Certainly there are some interesting anomalies. Shares in Lonmin, the platinum miner, have fallen by almost 14 per cent, yet the precious metal itself has only dropped 2 per cent. In this instance the explanation lies in bid speculation layered on top of rising commodity prices, producing a 90 per cent run-up in Lonmin’s shares from the start of the year to last week’s high. With investors in a mood to take profits, taking the most speculative bets off first makes sense.
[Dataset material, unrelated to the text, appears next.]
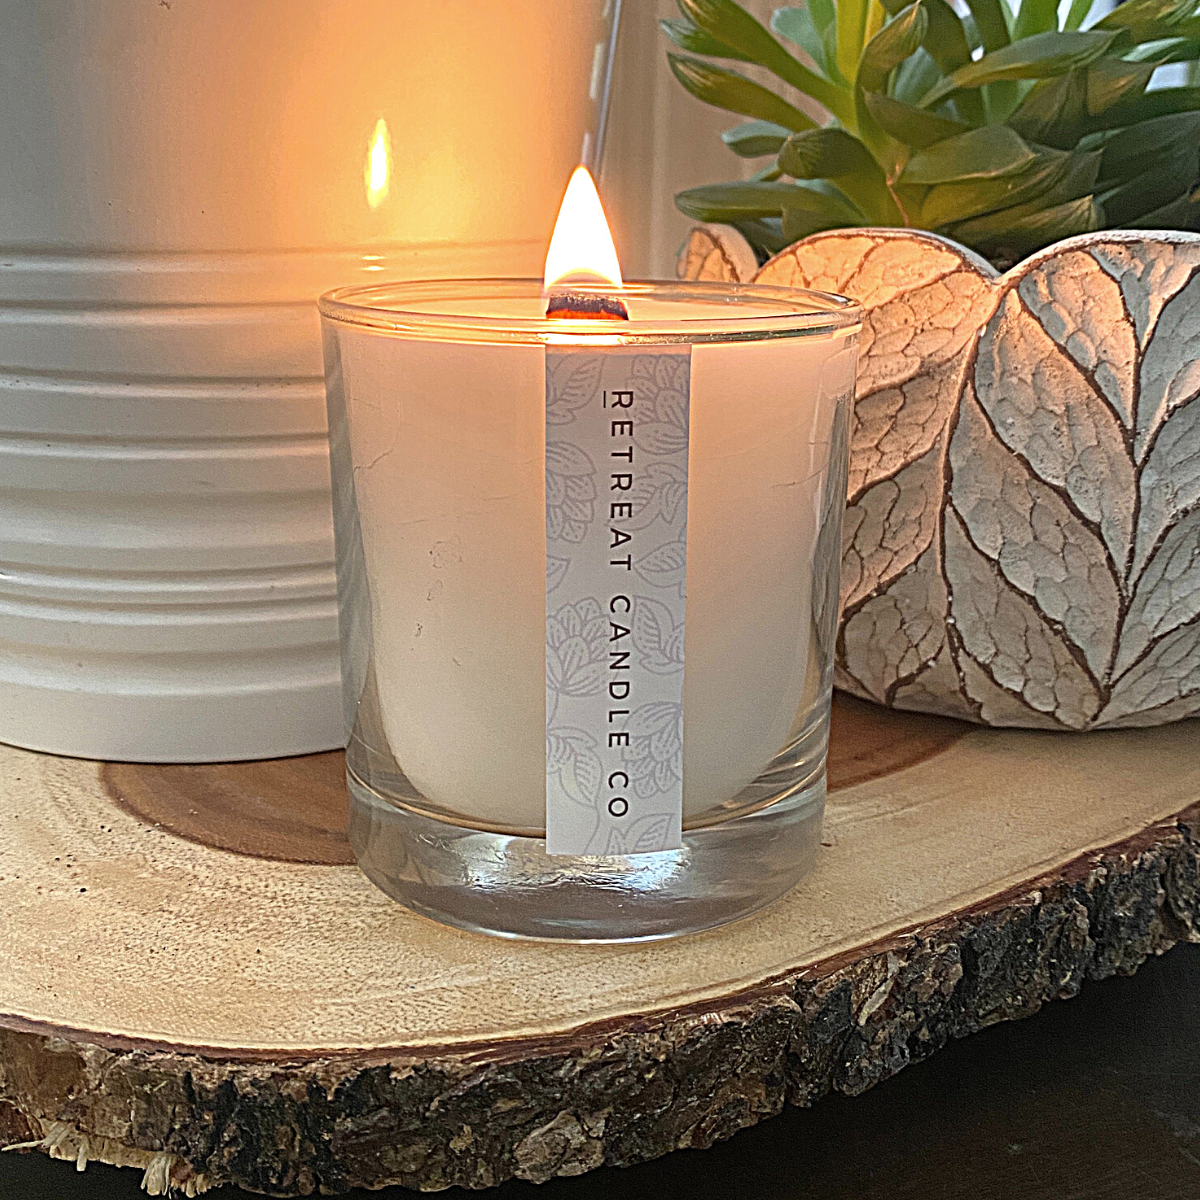 Evergreen Candle - #CandlesForACause - Partial proceeds of this candle gives back to kids mental health. Vegan. All-natural soy and coconut wax. Phthalate-free fragrances. Crackling wooden wick, and a seed paper bookmark to plant in your candle jar after. Feel good about what you buy. 
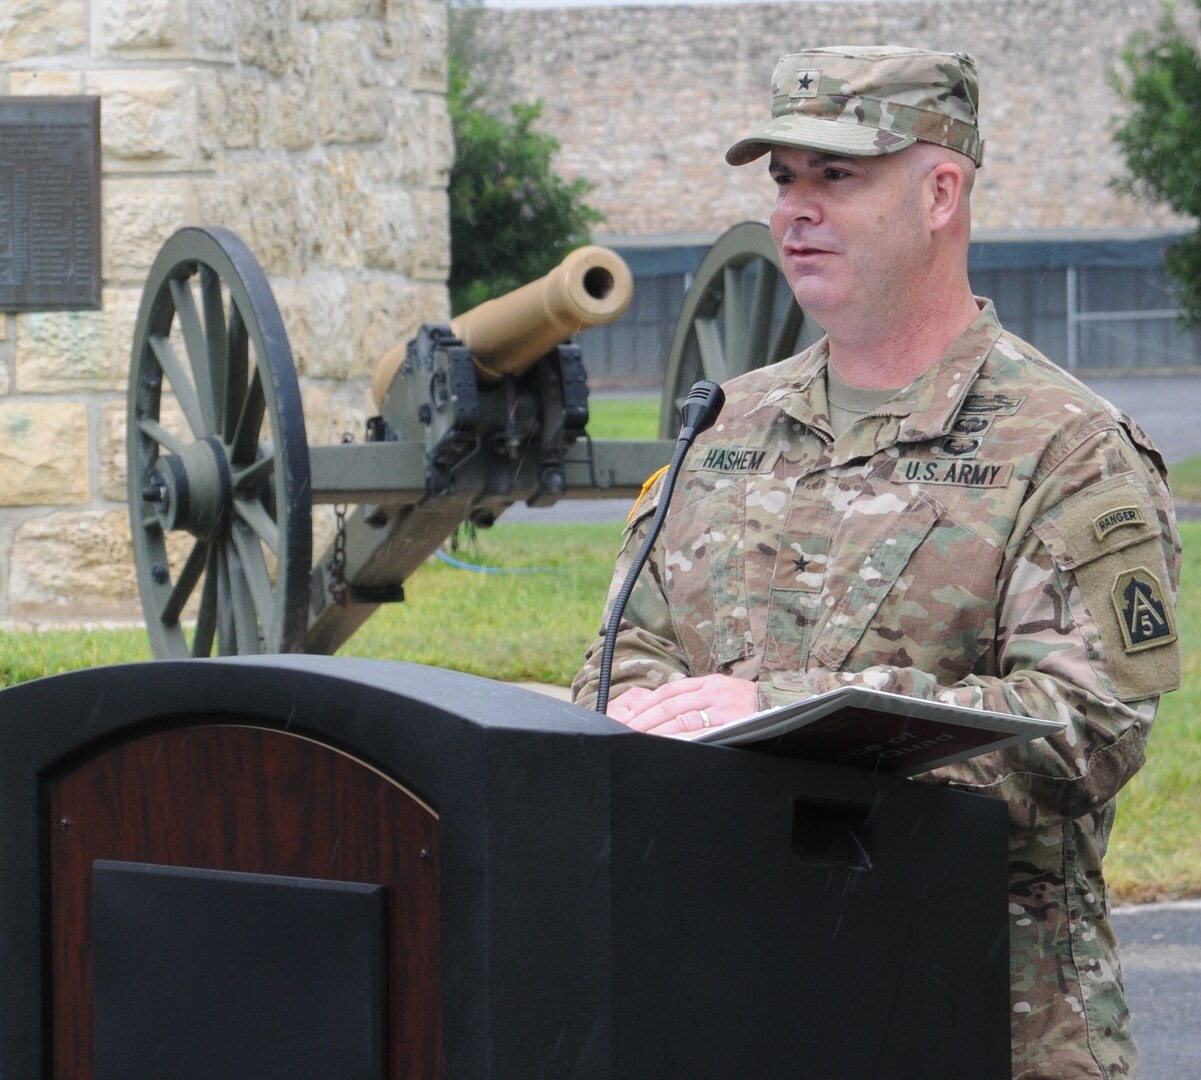 Brig. Gen. John B. Hashem gives a speech to members of Army North (Fifth Army) during a welcoming ceremony at the quadrangle at Joint Base San Antonio-Fort Sam Houston Nov. 7.

Share price falls at the large diversified miners, such as BHP Billiton, have been almost as sharp and there is more reason to suspect the move has gone far enough. Mining shares have done well this year, but lagged the sharp increase in base metals such as copper. There is already a justifiable degree of caution about the sustainability of prices. After the correction, consensus estimates of this year’s average copper price, for example, remain some 20 per cent below current three-month futures market levels

The pullback has left the diversified miners on a single-digit multiple of 2007 estimated earnings. Even ignoring the siren call of the super cycle and assuming those earnings are close to a cyclical peak, this is not an outrageous multiple. Further support is also offered by ongoing share buyback programmes, while the prospect of acquisitions has lent support to the likes of Xstrata. Further sector weakness is likely to attract buying interest.